Financing of healthcare and healthcare delivery systems are popular topics of study across the world. This popularity is due to the universal human need for health care, and also due to the various means of the delivery systems and financing around the world. The many differences depend majorly on each country’s history, political culture, and the level of wealth (Grieves, 2000).
Healthcare, as a sensitive topic, has been politicized in many countries. This has in sooth impact society in a negative way especially people who have no access to healthcare. This paper compares the healthcare system of the United States to that of the United Kingdom. Despite the cultural proximity between the dual, health care within these two countries is distinct.
In June 2000, the World Health Organization released a report which ranked the health systems of 191 countries across the world. The United Kingdom was ranked 9th and the United States being ranked 17th highest in overall system performance (Blendon, 2001). According to a comparative study conducted in 2006 by the Organization for Economic Co-operation and Development (OECD), the total health expenditure in 2004 by the UK was 8.3% of their gross domestic product (GDP) and the US was 15.3% of their GDP, whereas the average of all 30 countries was 8.9%. In the same study, the health care expenditure in the UK was US $2,546 per capita and US $6,102 per capita in the US, whereas the mean for the 30-countries was US $2,550 (Grieve, 2000, p.19).

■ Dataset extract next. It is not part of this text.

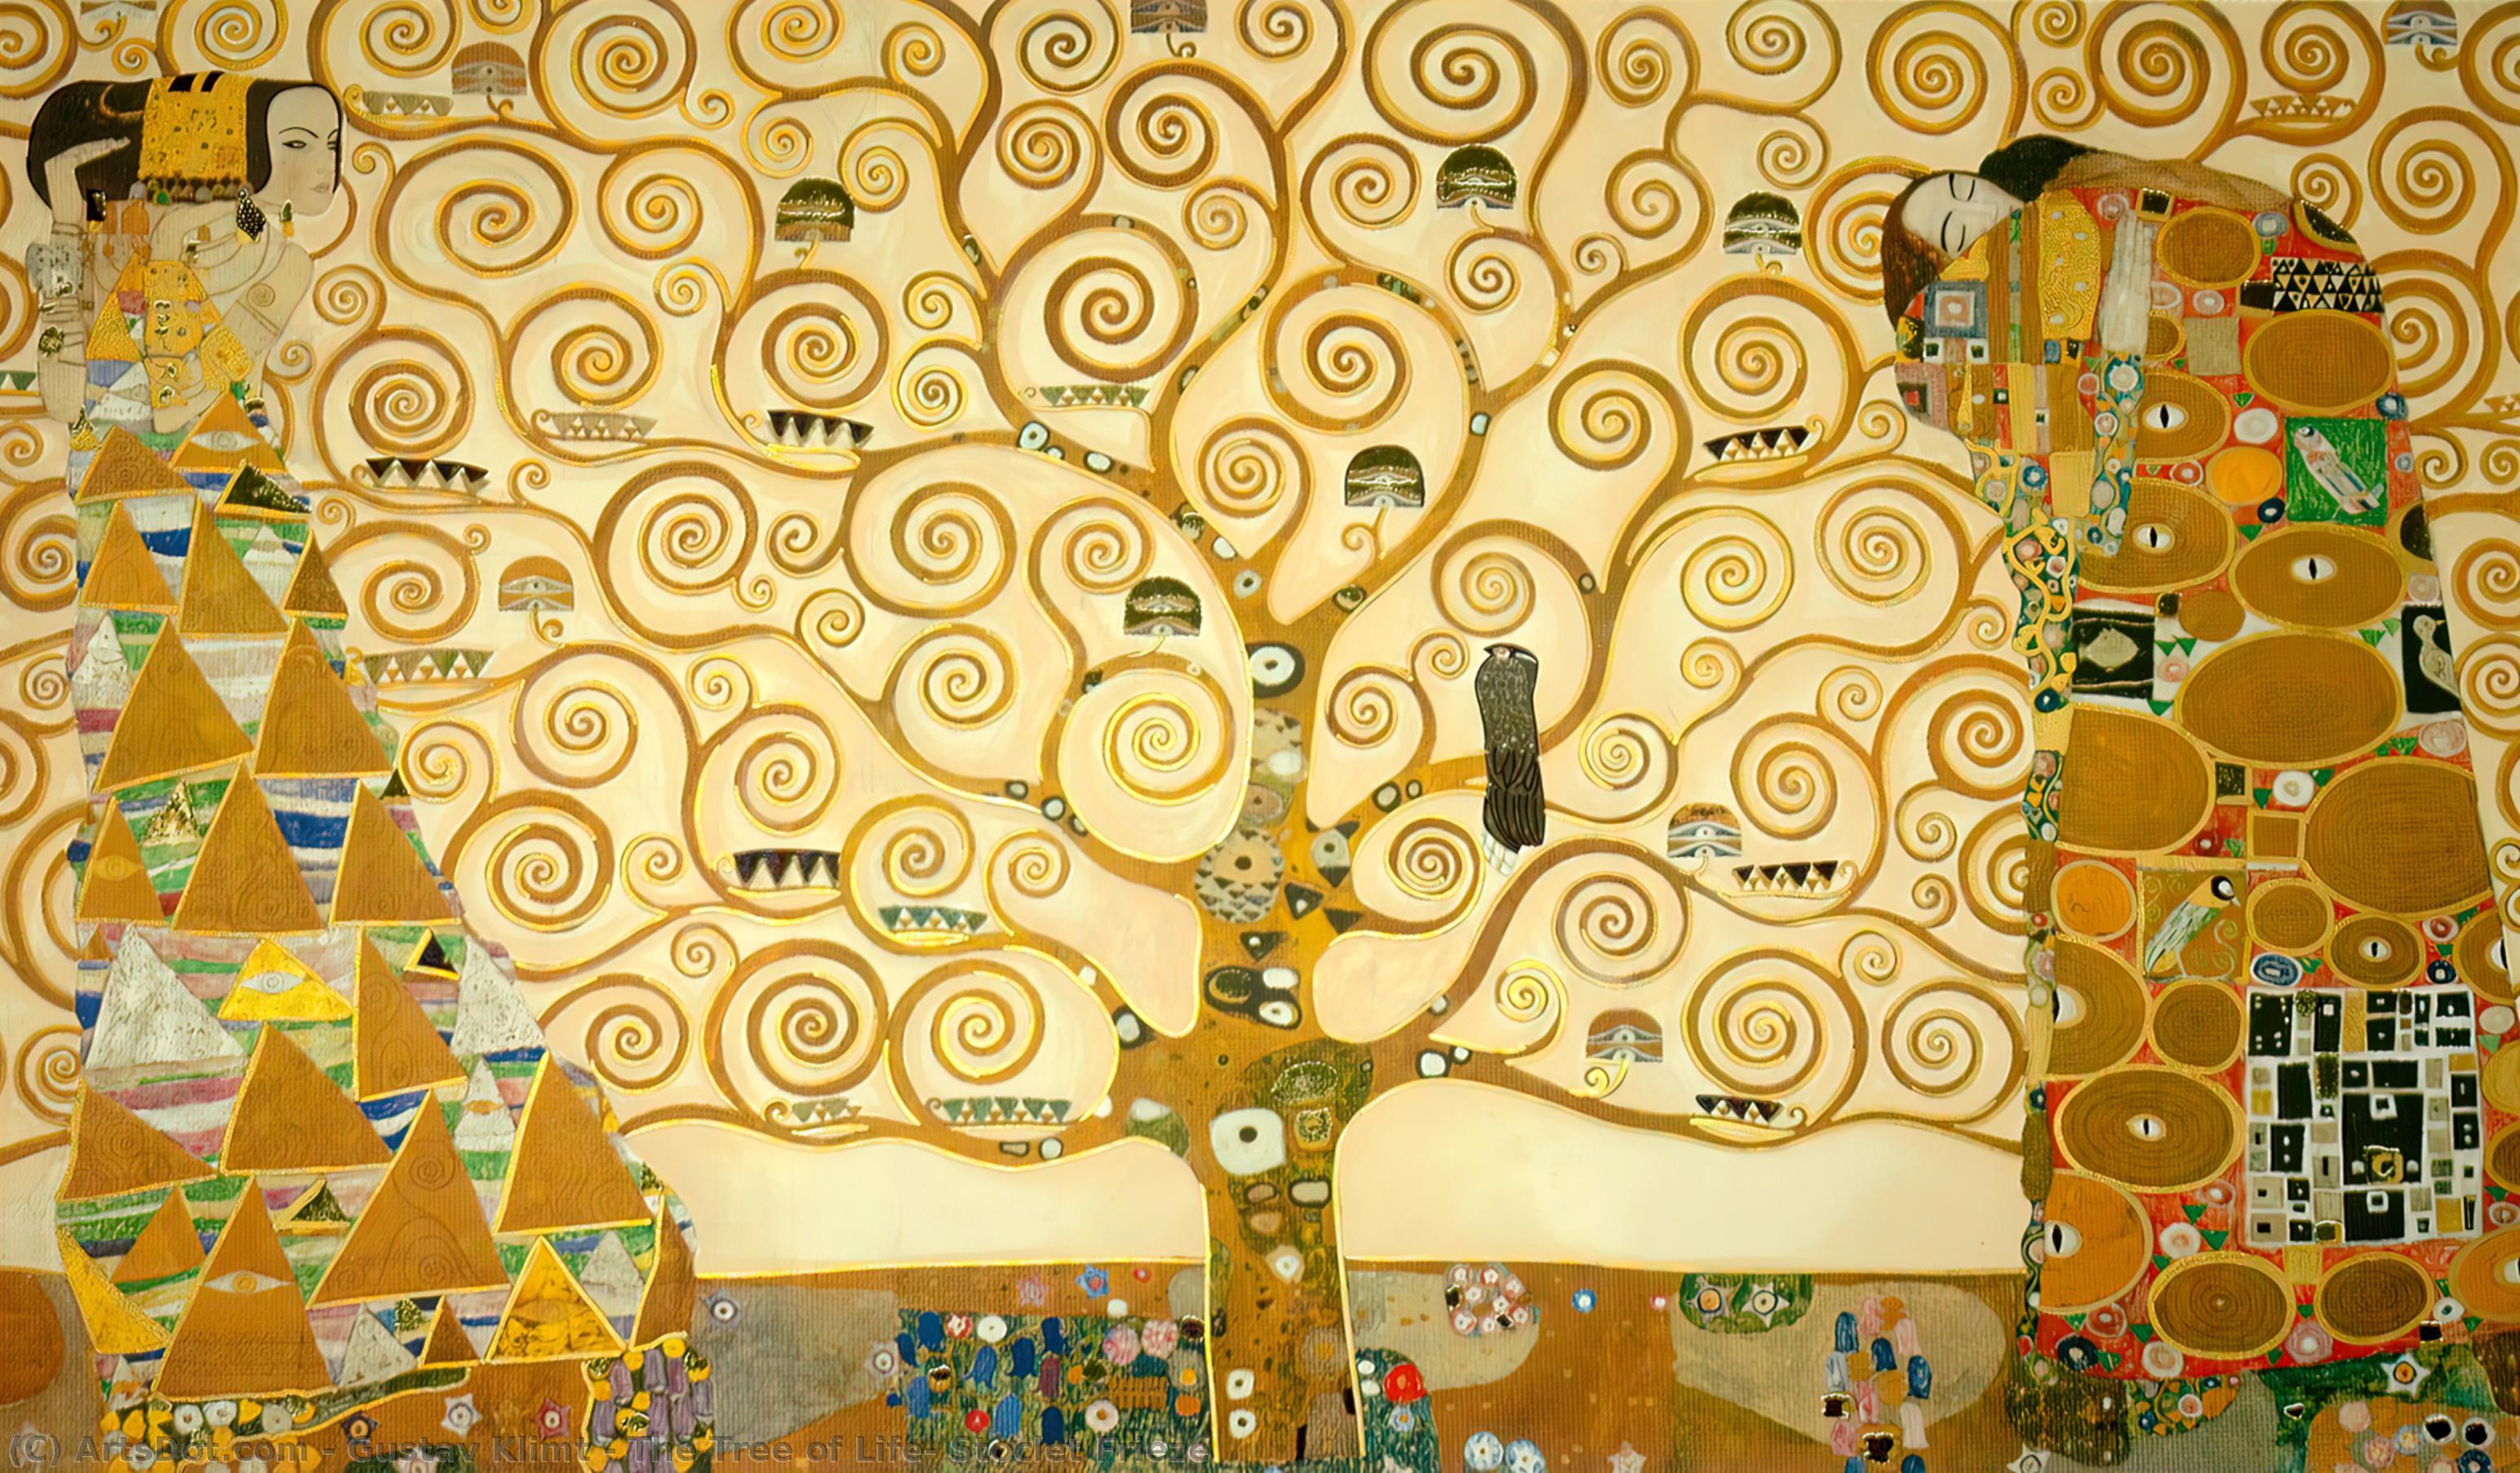 WikiOO.org - Enciclopédia das Belas Artes - Pintura, Arte por Gustav Klimt - The Tree of Life, Stoclet Frieze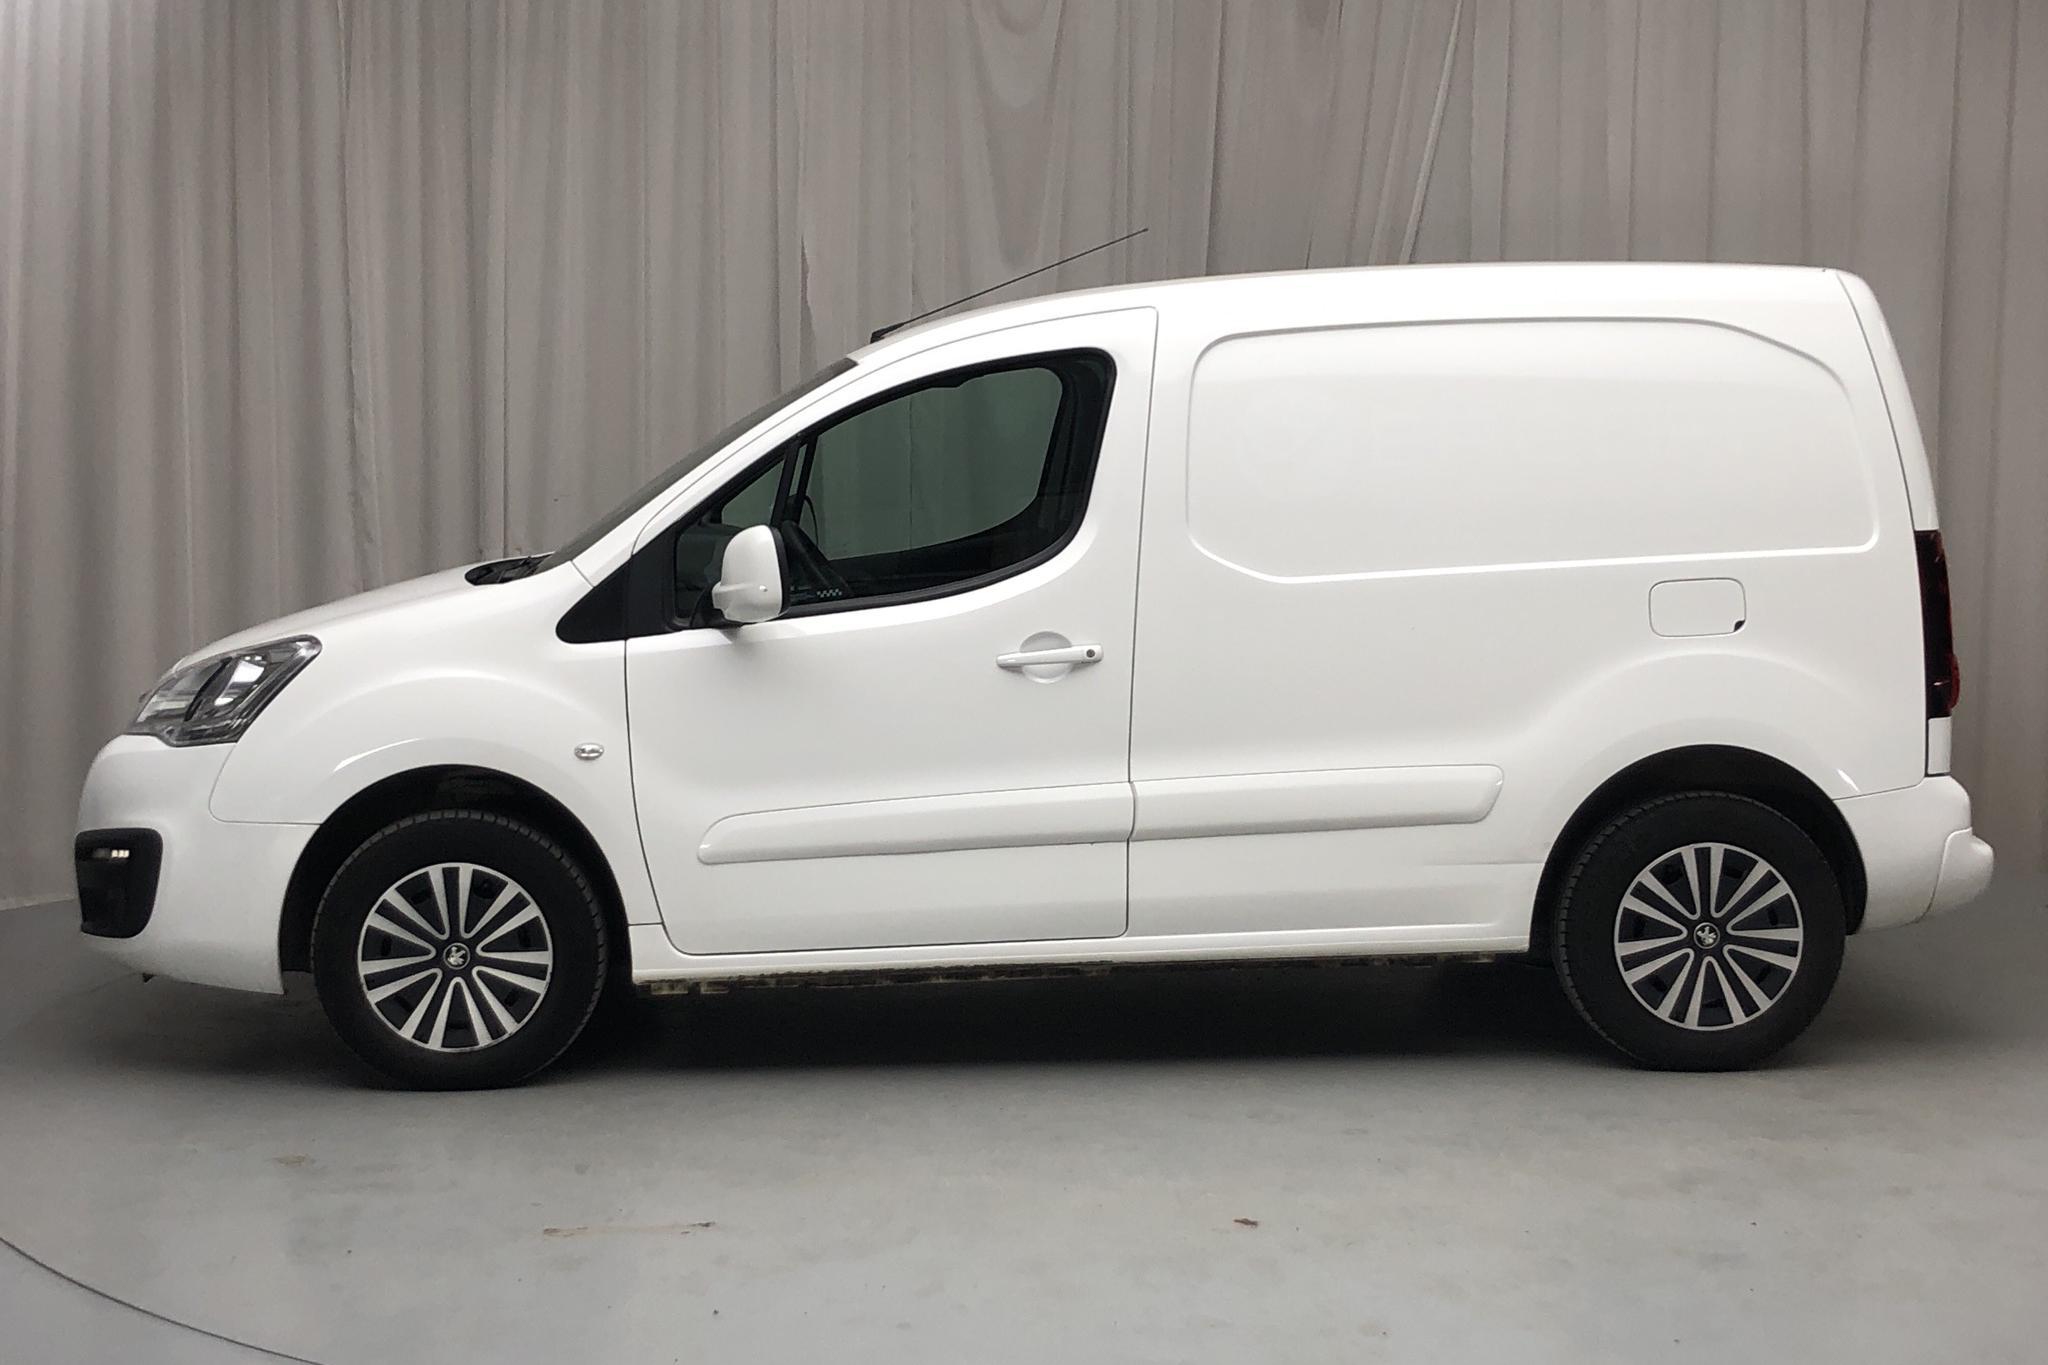 Peugeot Partner 1.6 BlueHDI Skåp (100hk) - 6 559 mil - Manuell - vit - 2016

In 2001, approximately 45 million people in America under the age of 65 lacked health insurance cover, with far more US citizens than UK citizens reporting that the cost of health care is a barrier to access. The UK provides universal health care that is free at point of service to its citizens; it is governed centrally with funding from taxes (James, 2004, p.33) Health-care system in the US is funded by a patchwork of both public and private insurance that attracts large point of service fees on many patients. Care is provided through nonprofit, public and private providers in a competitive delivery system which is mostly ungoverned.
Although the UK health care funding is government controlled and the US health care funding is mostly private controlled, both are only made possible by the contributions made by the citizens. The main differences are the level of government involvement and mandatory taxation versus voluntary contributions. US has continued to perform relatively well despite fiscal challenges in sustaining the health care system (Long, 1998, p.53).
In conclusion, despite the distinctions between the US and UK healthcare system, both countries face the same imperative, that is, to reduce the cost of delivering care to their aging populations while at the same time addressing deficiencies in the quality and safety of care. In the United States, health care consumes a large portion of the nation’s GDP and the system still fails to insure a sixth of the population (Long, 1998, p.51). However, like in the US, the UK government is making major efforts to reform the health care system: to respond to severe economic pressures, to improve the quality of care, and to decentralize and remove bureaucratic layers. It is therefore evident from this paper that there are distinctions between the US and UK healthcare systems.
References
Grieve, A., McCann, S., & MacTaggart, J. (2000). Health care in the United Kingdom. East Kilbride: Imprint Publishing Systems.
James, J., Wall, I., & Dean, P. (2004). Medicolegal essentials in healthcare (2nd ed.). London: Greenwich Medical Media.
Long, M. J. (1998). Health and healthcare in the United States. Chicago, Ill.: Health Administration Press.